This study aims to highlight geographical and temporal variability in topography and morphology of oesophago-gastric cancers observed in Europe in the period 1995-2013.

2 Methodology

Data collected in the framework of the ENCR-JRC (European Commission’s Joint Research Centre) data call (18) and feeding the European Cancer Information System (ECIS) (1) were used to assess the variability of topography and morphology registration of gastric and oesophageal cancer in Europe in the period 1995-2014, corresponding to the latest 20 years currently available in ECIS. In order to reduce fluctuations in data patterns, population-based PBCRs which submitted at least 17 out of 20 incidence years in the considered time interval were included in the study. Since the number of cases was smaller, figures do not show data for the year 2014.

Malignant cancers of the stomach and the oesophagus were selected following, respectively, topography codes C16 and C15 of the International Classification of Diseases for Oncology, third edition (ICD-O-3) (19). Carcinomas and unspecified types of cancer were considered for the study, whereas haematological malignancies (particularly primary lymphomas), gastrointestinal stromal tumours, sarcomas and neuroendocrine tumours were excluded. Carcinomas and unspecified types of cancer were 98.3% of all solid oesophago-gastric cancers.
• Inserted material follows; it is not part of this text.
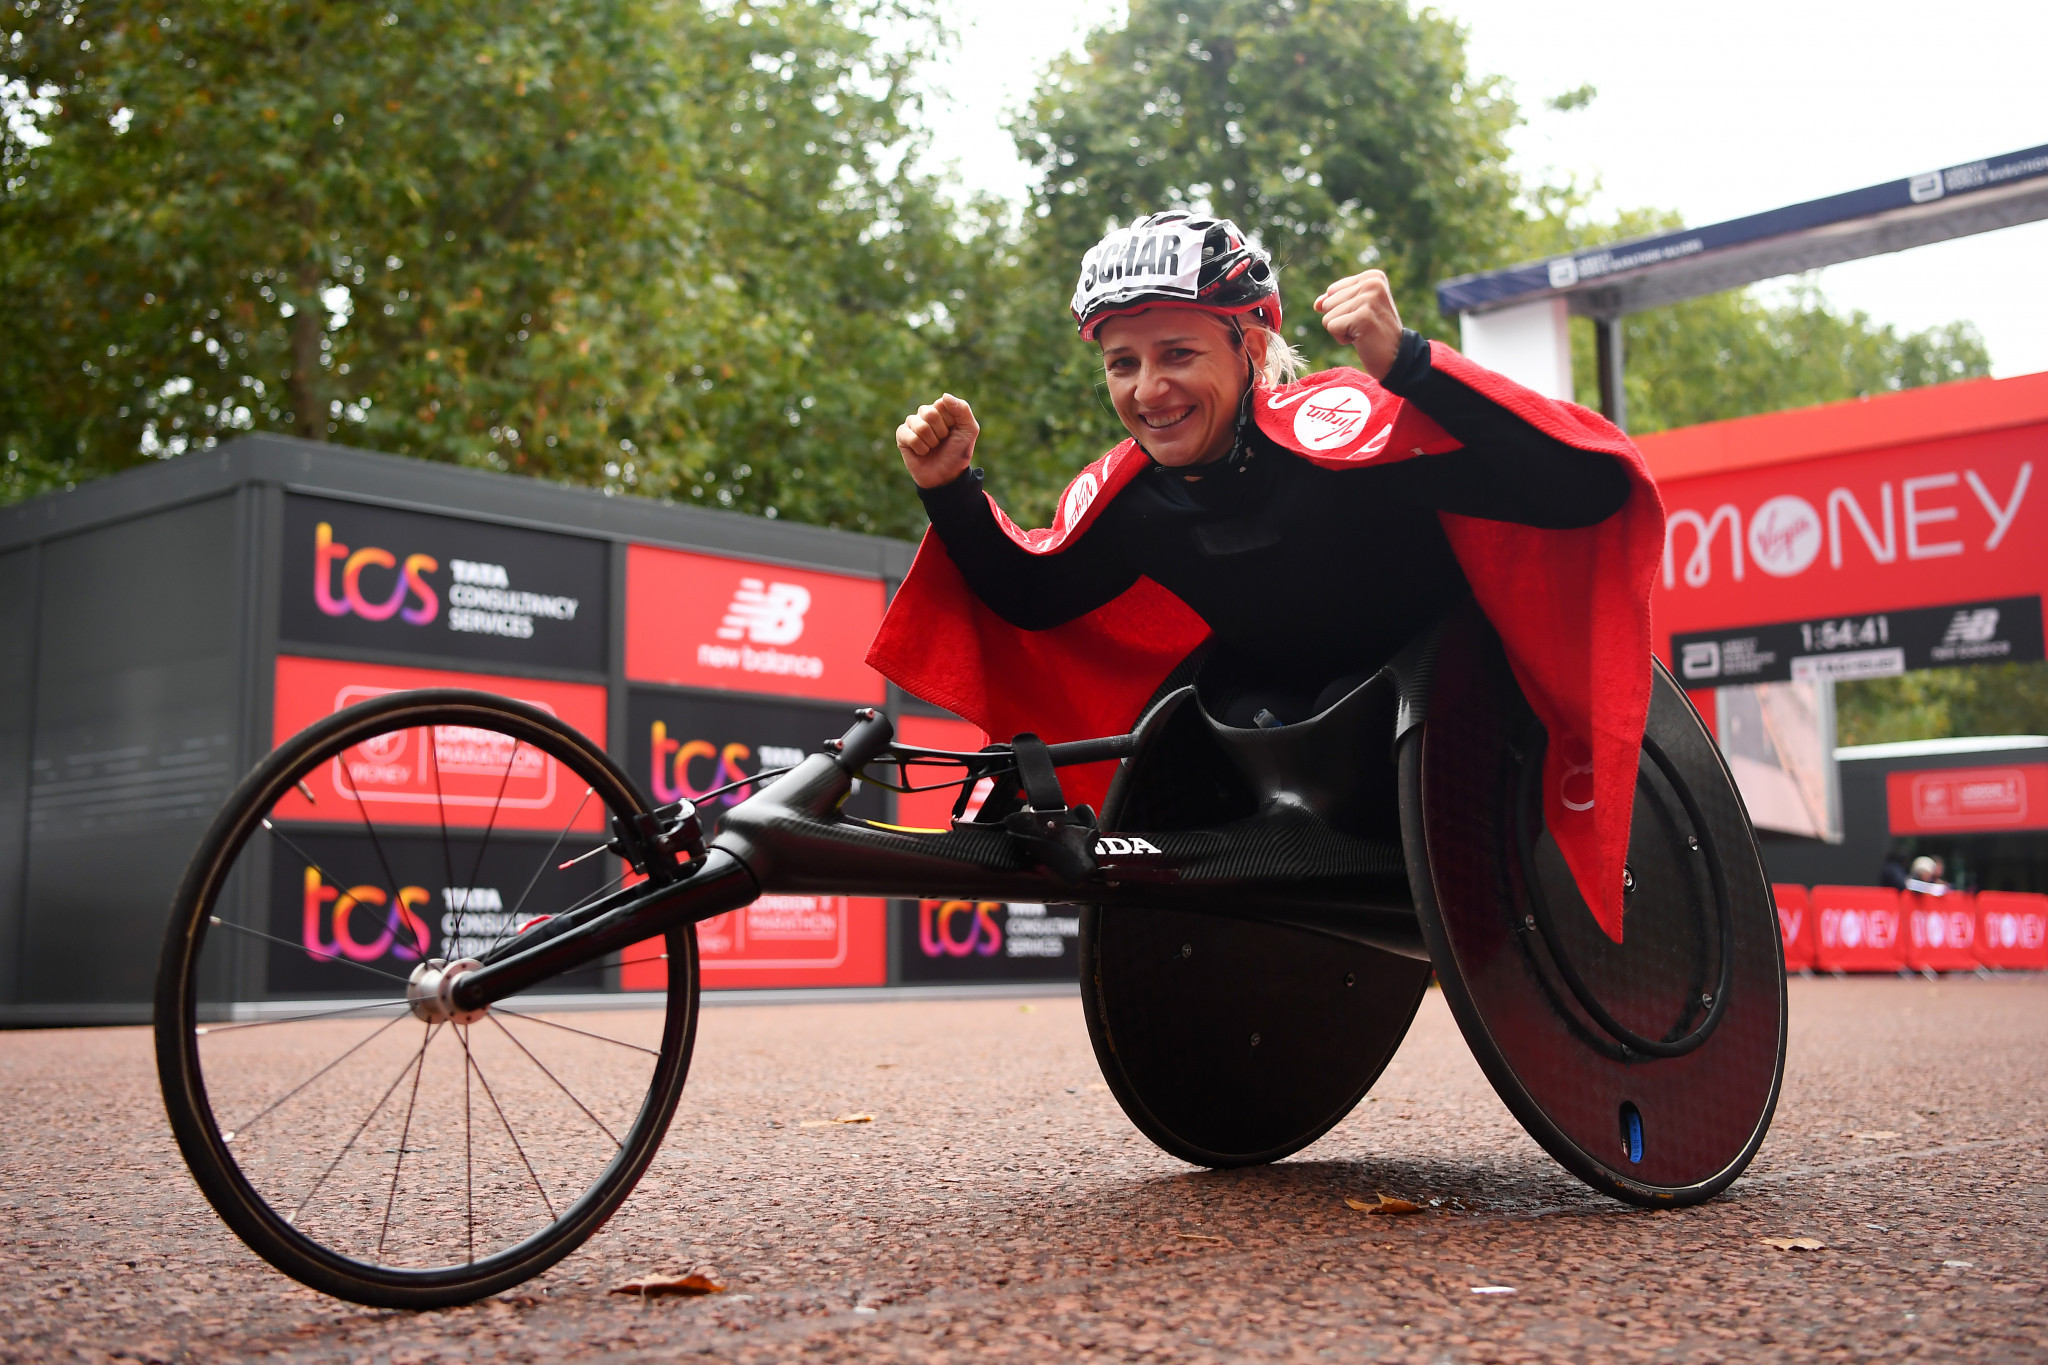 The winner of the women's wheelchair race at last year's London Marathon Manuela Schar described the increase in prize money as "huge" ©Getty Images

Tumours with a death certificate as only basis of diagnosis (representing 4.1% of solid tumours) were also excluded.

For the analyses by subsite, ICD-O-3 topography codes were grouped as follows:

- C15.0-C15.3, Upper one-third of the oesophagus.

- C15.4, Middle one-third of the oesophagus.
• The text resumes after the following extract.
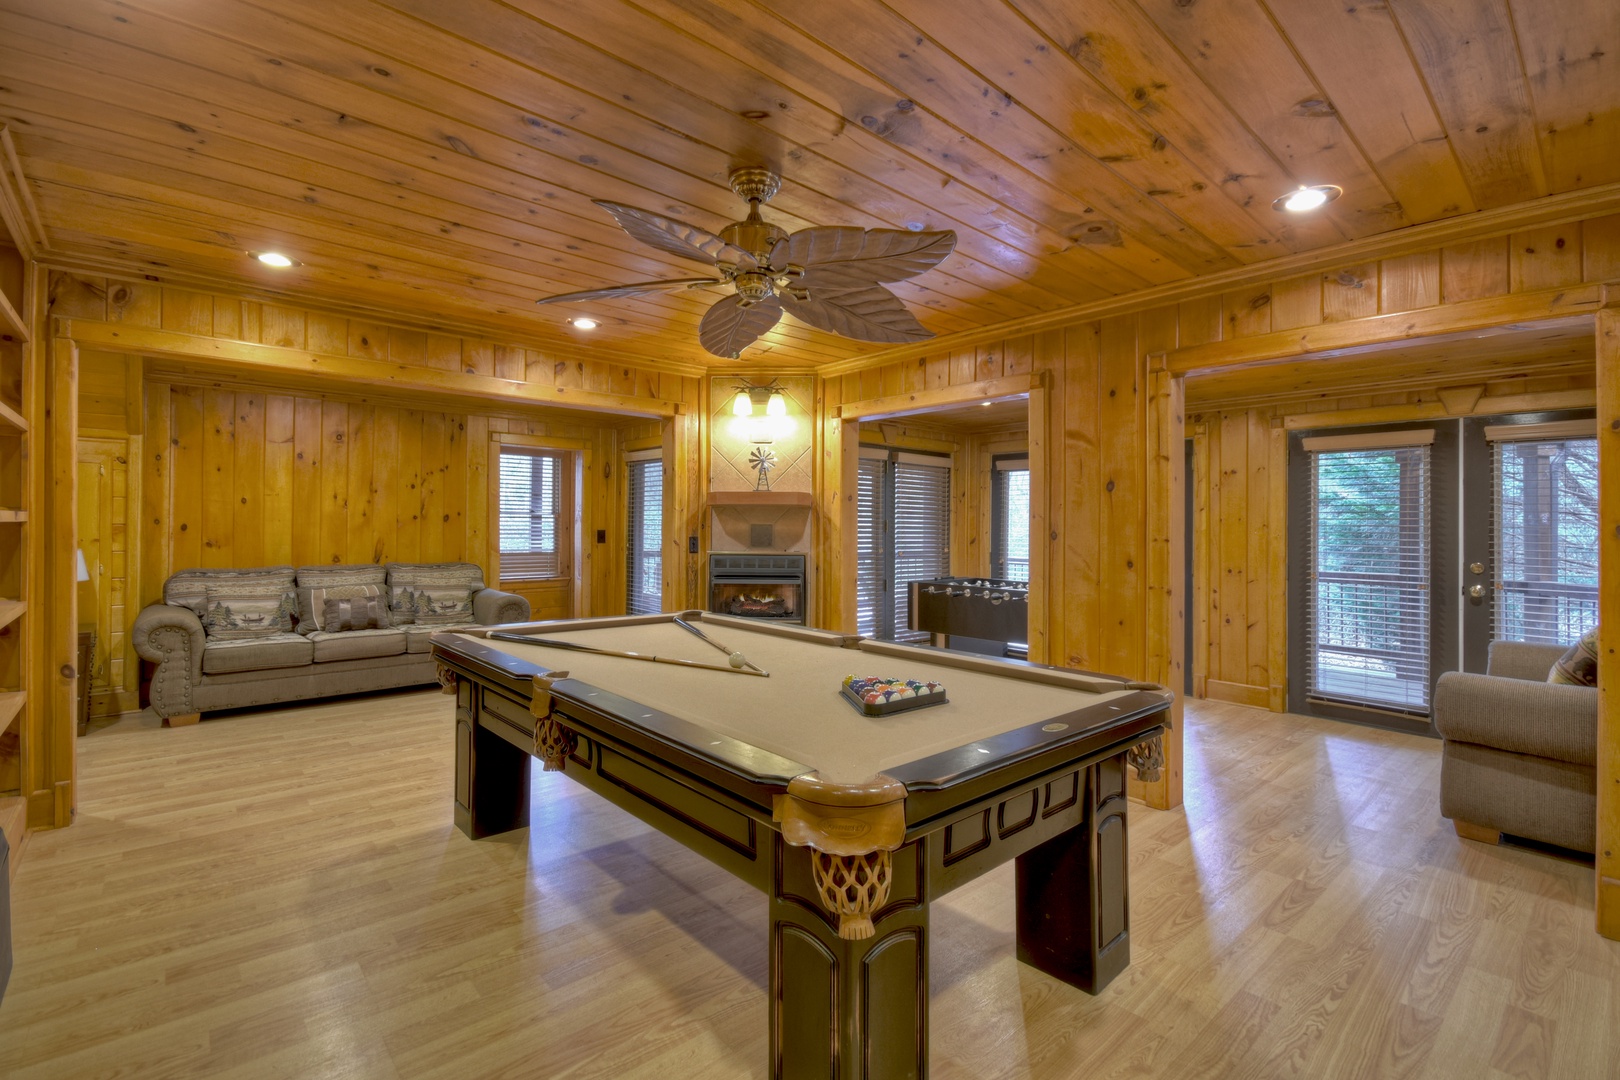 Deer Watch Lodge- Game room with pool table
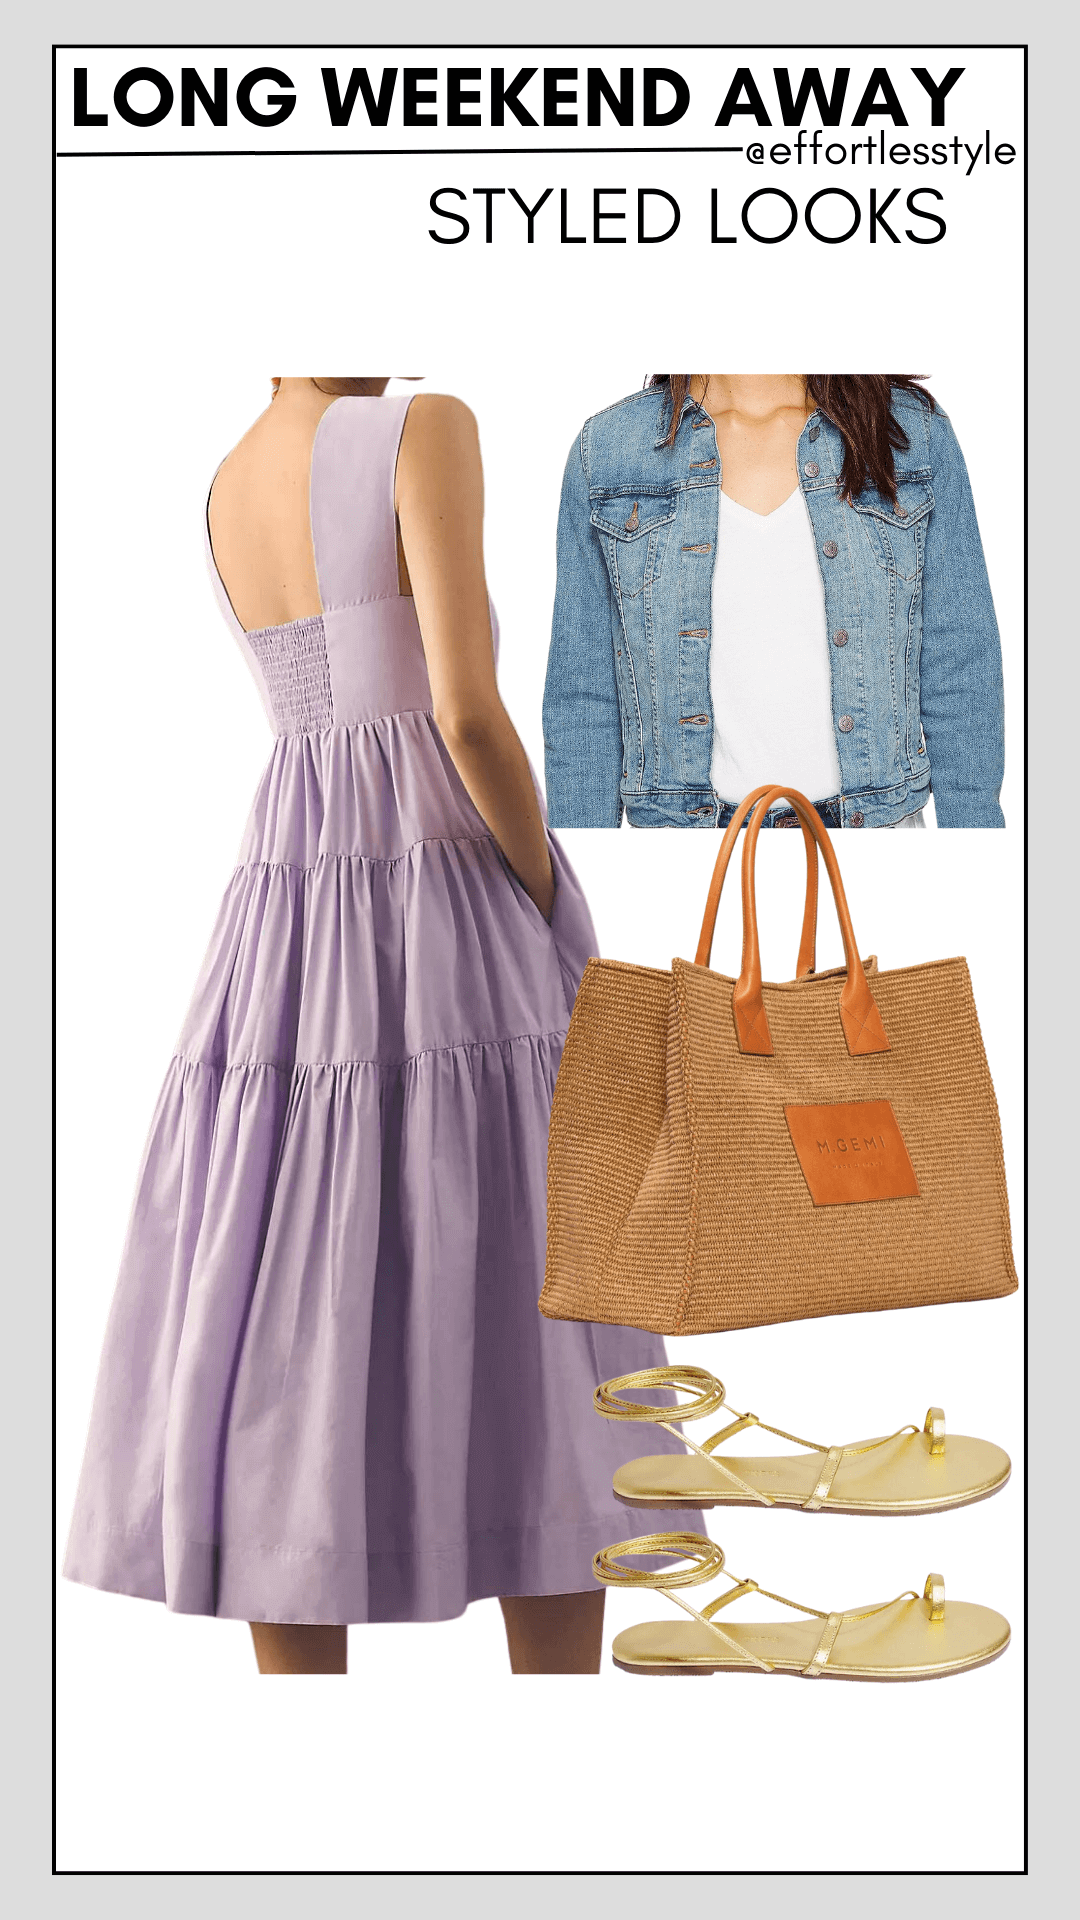 Square Neck Tiered Ruffle Midi Dress & Denim Jacket how to style a tiered ruffle maxi dress versatile dress for summer travel fun ways to style a midi dress how to wear your jean jacket this summer the best metallic sandals classic tote bag for summer

- C15.5, Lower one-third of the oesophagus.

- C15.8, Overlapping lesion of the oesophagus.

- C15.9, Oesophagus, Not Otherwise Specified (NOS).

- C16.0, CGC.

- C16.1-C16.6 NCGC.

- C16.8, Overlapping lesion of stomach.

- C16.9, Stomach, NOS.

Morphology groups with corresponding ICD-O-3 codes for cancers of the oesophagus were:

- NOS neoplasm or carcinoma (8000-8005, 8010-8015, 8020-8022, 8050).

- OAC (8140-8149, 8160-8162, 8190-8221, 8260-8337, 8350-8551, 8570-8576, 8940-8941).

- OSCC (8052-8078, 8083-8084).

For stomach cancers, histological categories, based on the Laurén (7) classification, were:

- NOS neoplasm or carcinoma (8000-8005, 8010-8015, 8020-8022, 8050).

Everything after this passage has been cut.